More than 10,000 tons of GCW, by-products of mining of calcium carbonate (CaCO3) in the pigment manufacturing industry, are produced annually, and these amounts tend to increase each year [14]. The majority of these residues are disposed as wastes into the atmosphere, resulting in environmental challenges to landfills since there is only a small likelihood of their application in other uses. Subsequently, trials have attempted to utilize calcium carbonate in other applications, particularly in concrete uses [15]. It was revealed that mixtures of pozzalan material with a high calcium oxide (CaO) content and GCW that is rich in calcium hydroxide (Ca(OH)2) generate pozzolanic reactions, leading to end products equivalent to those produced from hydration processes of cement. According to Turuallo and Mallisa [12], mortars prepared from mixtures of fly ashes and GCW had compressive strengths of 20.9 MPa at 90 days. By weight, the optimal ratio of fly ash to GCW was 70:30. Kerkhoff [16] investigated mortars having RHA and GCW. It was reported that the optimal ratio of RHA and GCW to accomplish the greatest potential compressive strengths was 50:50 wt%. At one month, the mortar’s compressive strength was 15.6 MPa and improved to 19.1 MPa at six months [9].
This research investigates the effect of GCW in green self-consolidating concrete (gSCC) prepared by triple combined bagasse ash (BA), rice husk ash (RHA), and GCW. The low-quality BA-and-RHA gSCC was improved by using GCW that has a greater availability than other supplementary cementitious materials. The gSCC mixtures of BA and RHA might be utilized to substitute OPC in concrete works. This can help in reducing the emission of CO2 due to the reduction in the production of Portland cement.
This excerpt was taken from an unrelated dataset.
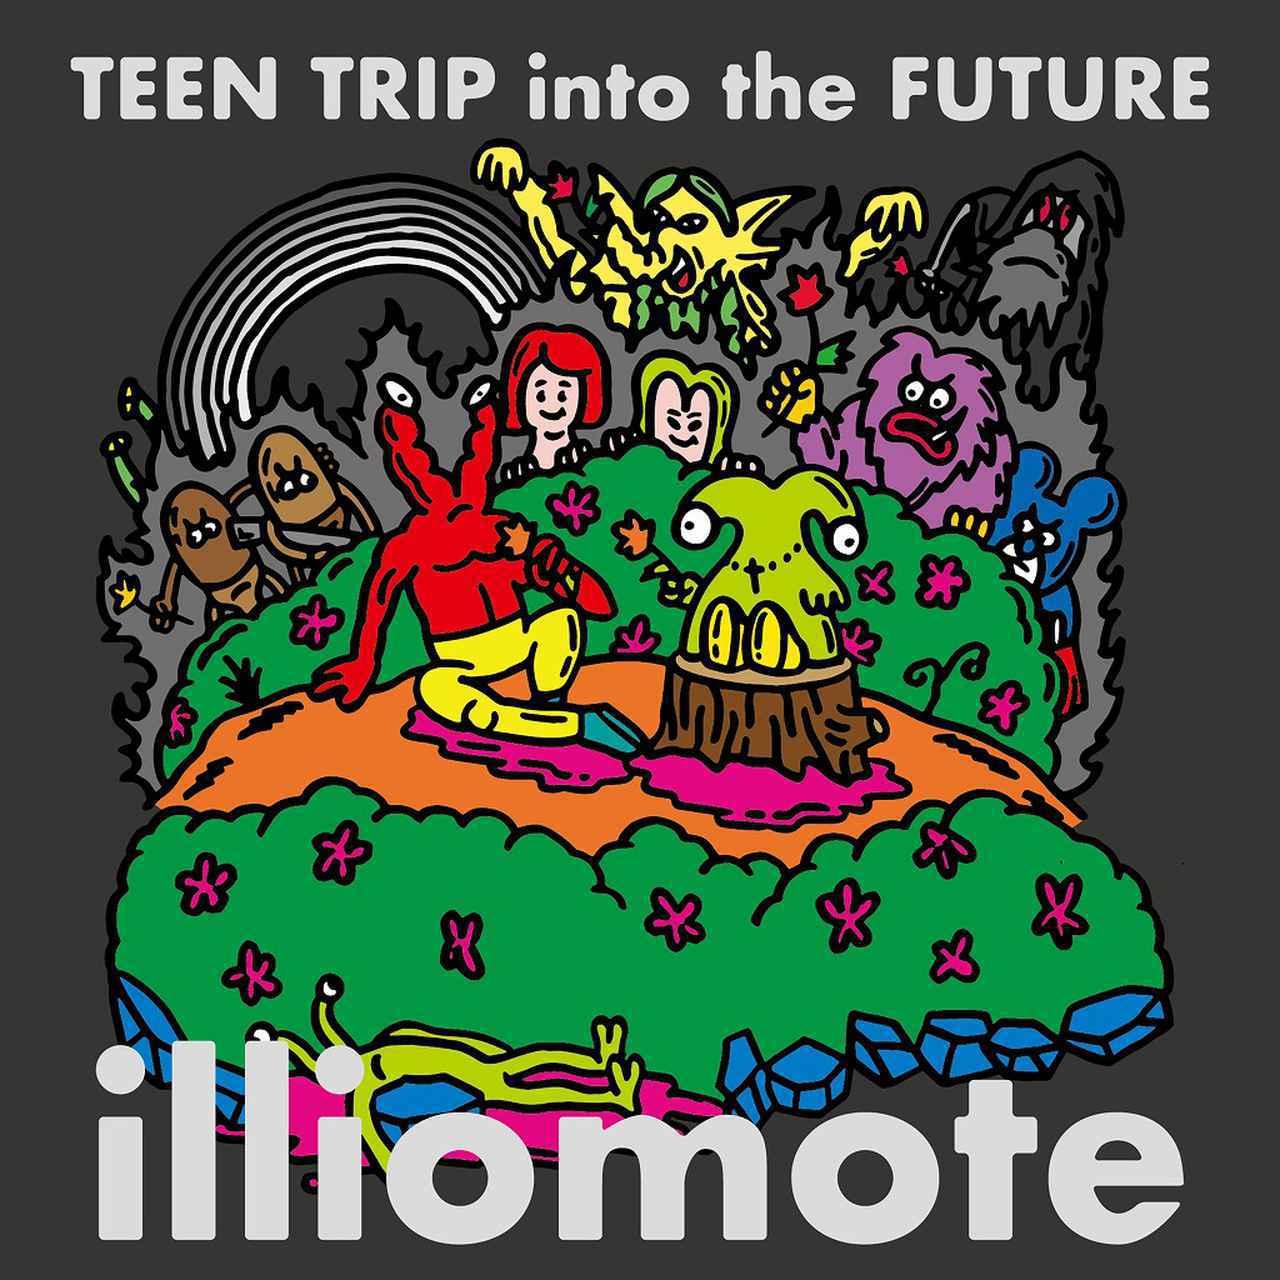 画像: Teen Trip Into The Future / illiomote

This can also improve the values of waste substances instead of the alternative of transferring them to landfills where they cause air and soil pollutions.

2. Materials and Methods

2.1. Materials

2.1.1. Ordinary Portland Cement (OPC)

In this research, Type I Ordinary Portland cement (OPC) was introduced as the main cementing material complying with ASTM C150 [17]. This was carried out with a percentage replacement of up to 20 wt% of GCW to accelerate the reactions between ground BA and RHA. Table 1 and Table 2 show, respectively, the physical properties and chemical components of OPC, BA, RHA and GCW.

2.1.2. Bagasse Ash (BA)

In this research, the BA utilized was obtained from the sugar industry, in which it was burned at temperatures of 800–850 °C and under an oxygen content of 34.5% in the burning chamber to produce electricity. The original BA was unsuitable for applications as low-reactivity pozzolanic materials in concretes because of their high porosity and large particle sizes. Chao and Kuo [2] and Clark et al. [3] revealed that the filler effects and pozzolanic activities of industrial ashes depend on their fineness and particle size. Therefore, using a Los Angeles grinding machine (ELE International, Bedfordshire United Kingdom) for 3.0 h at a rotating speed of 33.0 rpm, the original BA was dried to reduce their moisture contents to about 1.0–2.0% (dry basis) and was ground until the particles were less than 15% by mass and retained on a 45 micrometer (µm) sieve. In addition to the BA, as-received RHA was the main by-product obtained from the electricity power plant that only used rice husk as fuel in the central part of Thailand. Its burning temperature was in the range of 650–680 °C under an oxygen content of 65.5% in the burning chamber.
Table 1 shows the physical properties of OPC, ground BA, RHA and GCW. The pozzolanic activity by a Chapelle test of the materials (mg CaO/g sample) was also presented. Mean particle sizes of the materials were tested 3 times each using a laser particle analyzer (Malvern Panalytical Ltd., Malvern, UK). BA has a mean particle size of 25.70 µm and is larger than the other materials. Specific gravity and percentage retained on a 45 µm sieve (No.325) were performed in accordance with ASTM C188 [18] and ASTM C430 [19], respectively. BA has a specific gravity of 2.27. The percentage retained on a 45 µm sieve of BA particles was 14.53% by mass, higher than that of the other materials. The particle image of ground BA is irregular compared to those of OPC, RHA, and GCW, as shown in Figure 1.
Table 2 shows the chemical components of ground BA, RHA and GWC obtained from X-ray fluorescence spectroscopy. While the SO3 and LOI amounts were 2.27% and 19.62%, respectively, the total quantities of Fe2O3, SiO2, and Al2O3 were 64.20%, and the main chemical composition of BA was 64.34% of SiO2. For a class N pozzolan, it was acknowledged that the LOI of ground BA was greater than the limit values outlined by ASTM C618 [20].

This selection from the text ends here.